He looked around. The entire fight had taken less than forty-five seconds. Catching his breath, he searched the first guard’s pockets and found the handcuff keys. The fact that the cuffs were hinged made the positioning of his hand and wrist awkward, but not impossible. The lock clicked and the first cuff opened. With his left hand free, it was even faster opening the second cuff.
He took off his clothes down to his underwear. The fourth guard, the one with the whistle, was closest to his size. He stripped the police uniform, ID, and the PK380 pistol and holster off the man, checking the magazine before putting on the uniform, then walked out of the room and down the hall to the stairs. By the time he reached the ground floor he could hear shouts from above. At the main entrance he nodded to the desk sergeant, who looked at him oddly, as if trying to remember who he was, but didn’t say anything. As he walked out the front door he felt a tingling in his back, as if any second the desk sergeant would call him back.
He passed a pair of mossos dragging in a Gypsy, who was shouting in Catalan, “Creus que tots els gitanos és un lladre!” Something about the cops thinking every Gypsy was a thief.
“Only because it’s true,” the mosso said as Scorpion passed them. Walk, don’t run, he told himself, coming around the corner to Via Augusta. He knew there wasn’t much time. The police would be after him any second.
There were dozens of motor scooters parked in a line in the tree-lined passageway bisecting the street. He was about to steal one when he spotted a taxi and waved him down. The driver hesitated, perhaps wondering why a mosso needed a taxi, but picked him up. As they drove down the avenue, the driver kept eyeing his uniform. When they were a good kilometer from the comisaria, he told the driver to pull over.

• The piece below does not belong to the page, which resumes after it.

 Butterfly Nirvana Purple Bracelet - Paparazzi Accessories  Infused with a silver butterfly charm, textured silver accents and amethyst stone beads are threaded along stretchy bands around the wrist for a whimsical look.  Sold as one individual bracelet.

“Take off your clothes,” Scorpion told him in his bad Spanish.
“Que?” the driver asked.
“Your clothes. I want them,” he said.
The driver shook his head. “No, senor.”
Scorpion fished in the pockets of the uniform, found forty-five euros in the wallet and pointed the Walther at the driver.
“I’ll give you forty-five euros,” he said, “o te mato.” Or I kill you.

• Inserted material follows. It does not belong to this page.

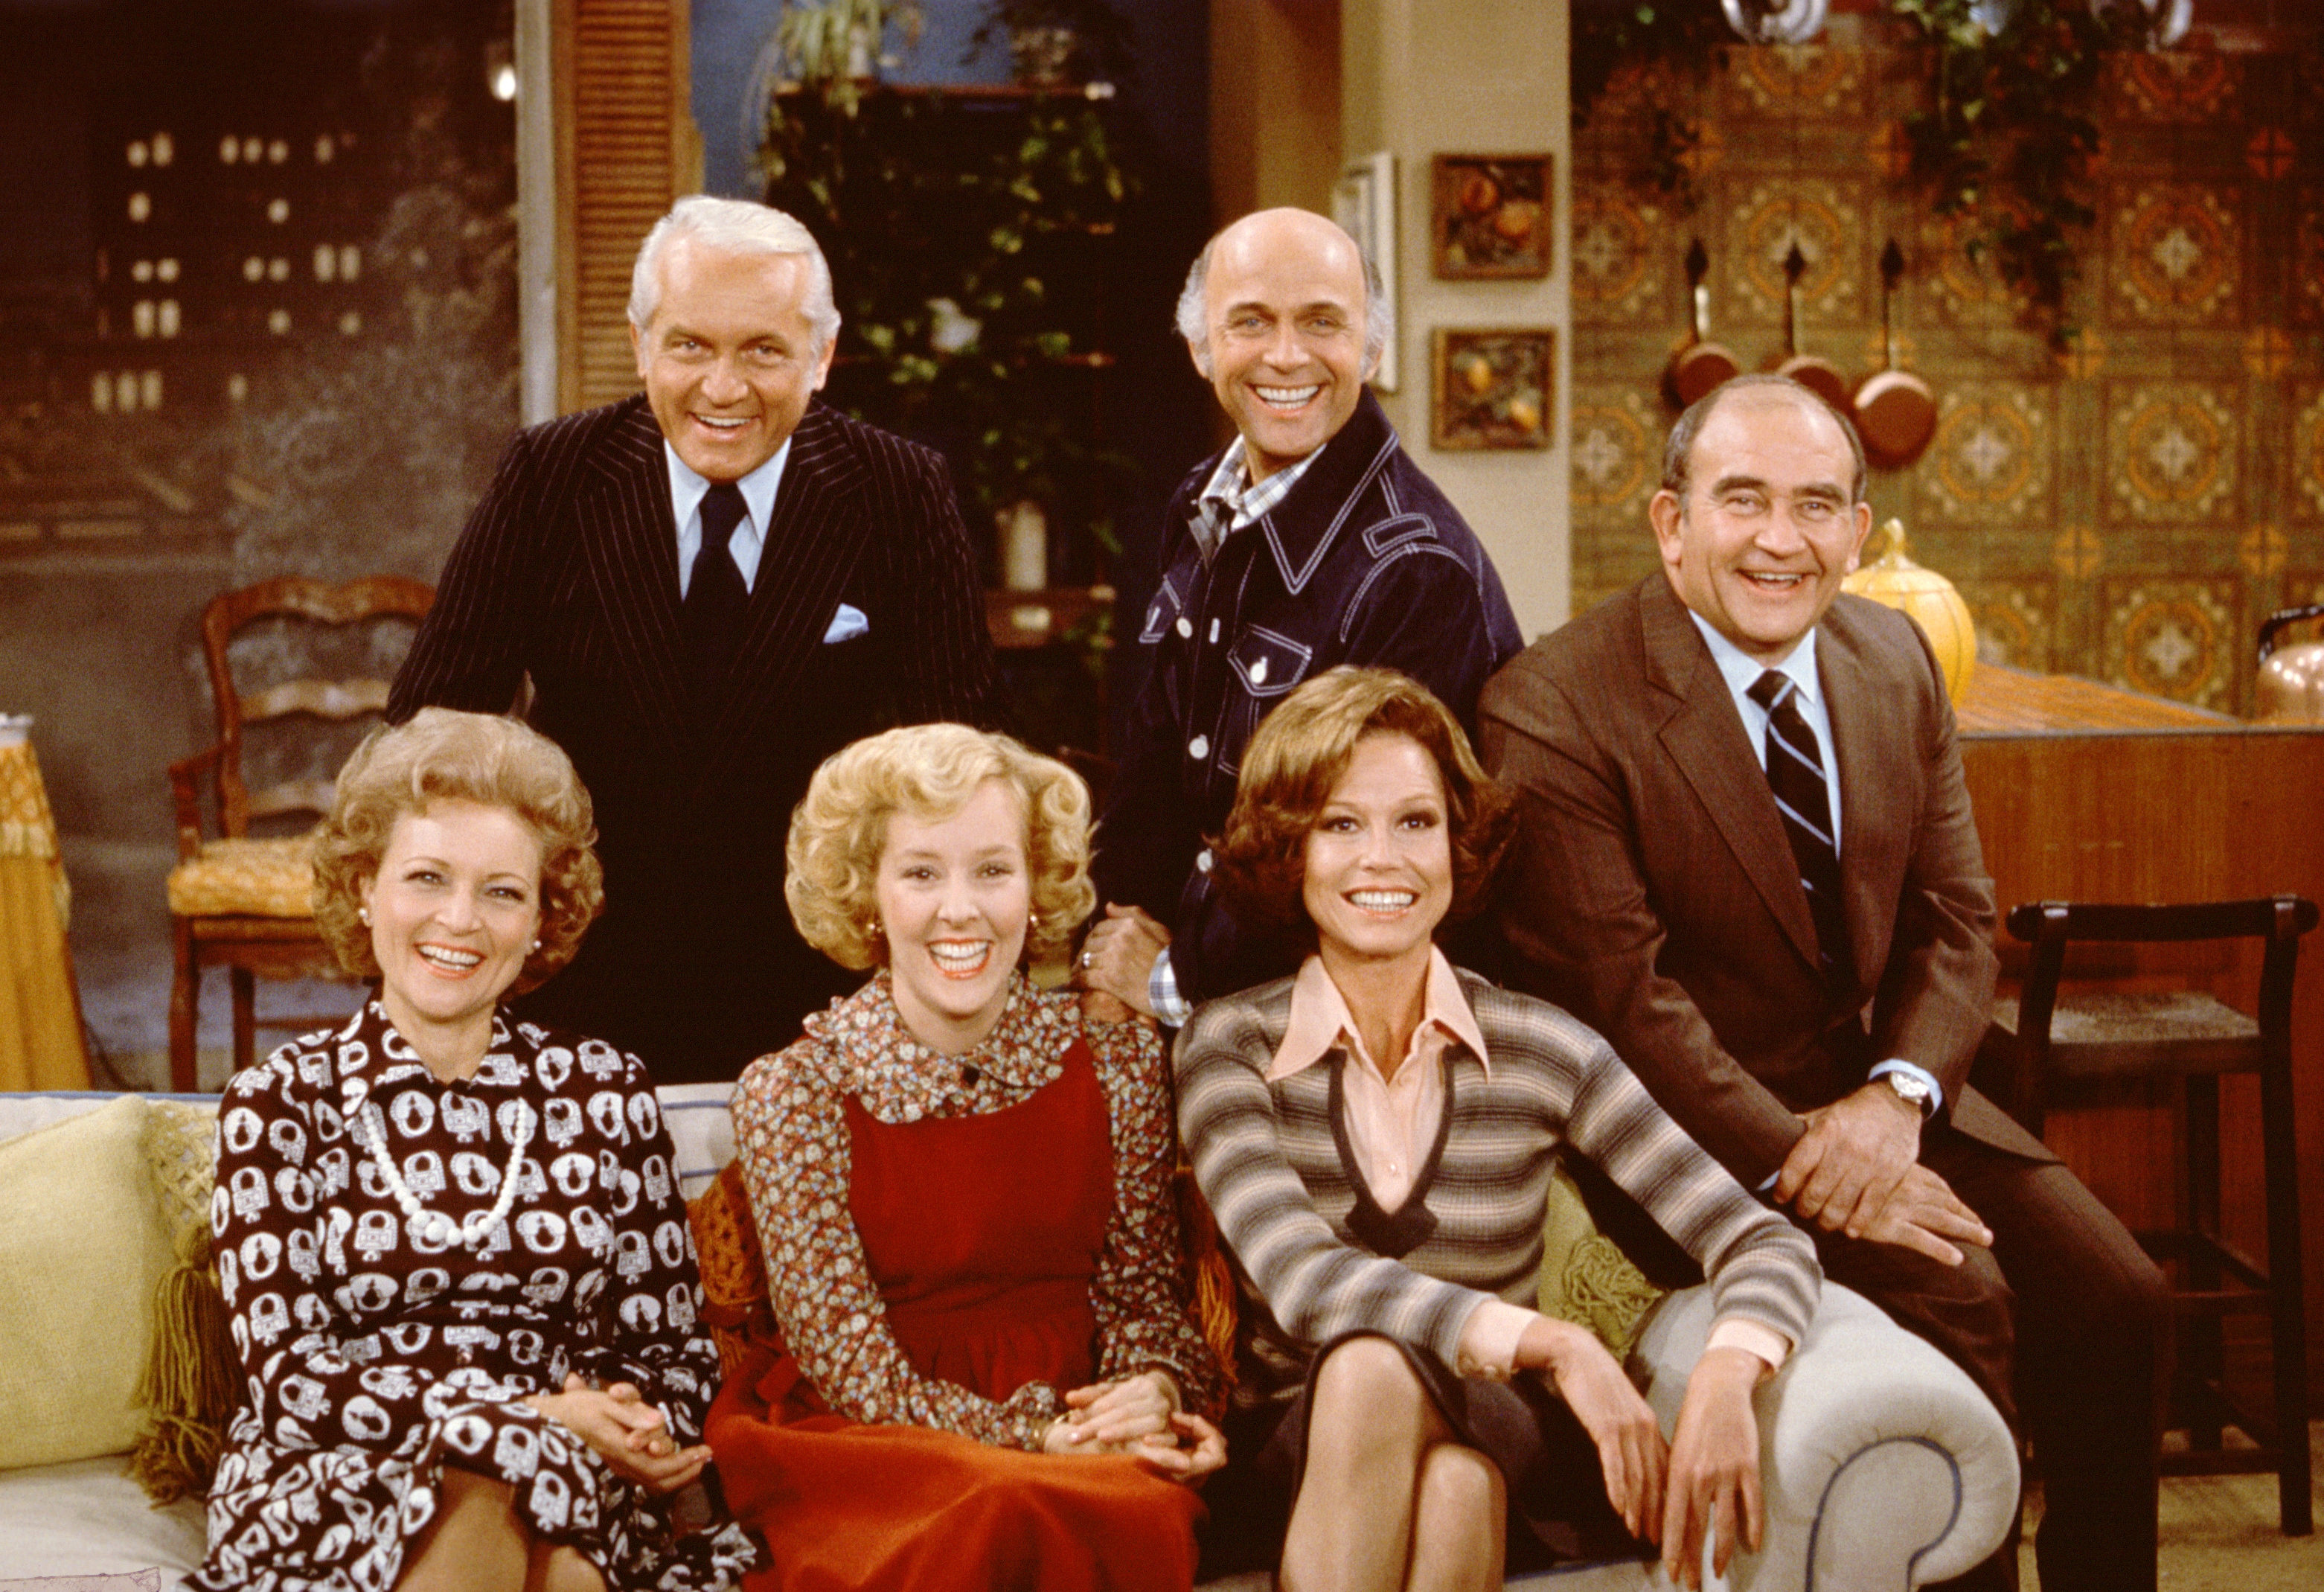 Betty White, as Sue Ann Nivens, Ted Knight as Ted Baxter, Georgia Engel as Georgette Franklin Baxter, Gavin McLeod as Murray Slaughter, Mary Tyler Moore as Mary Richards, and Ed Asner as Lou Grant pictured on the set of "The Mary Tyler Moore Show." | Source: Getty Images

The driver hesitated. He looked at the Walther, then at Scorpion’s eyes, and nodded slowly. They sat in the taxi and took off their shirts and pants. In a few minutes the driver wore the police uniform and Scorpion was in the driver’s clothes. He handed the man the money, got out of the taxi and motioned him to drive away.
When the taxi was gone, Scorpion walked for several blocks. He was on a quiet street of older apartment buildings with balconies and wrought-iron railings. Here, as in many places in the city, scores of motor scooters were parked in rows on the street. Looking around to make sure no one was watching, he used the lock pick taped to the bottom of his foot to unlock one and start it. He drove down the street, crossing Avinguda Diagonal, not far from where he had run from the tram, and drove on for several kilometers. In a narrow street, almost an alley, he left the scooter and walked back to his hotel.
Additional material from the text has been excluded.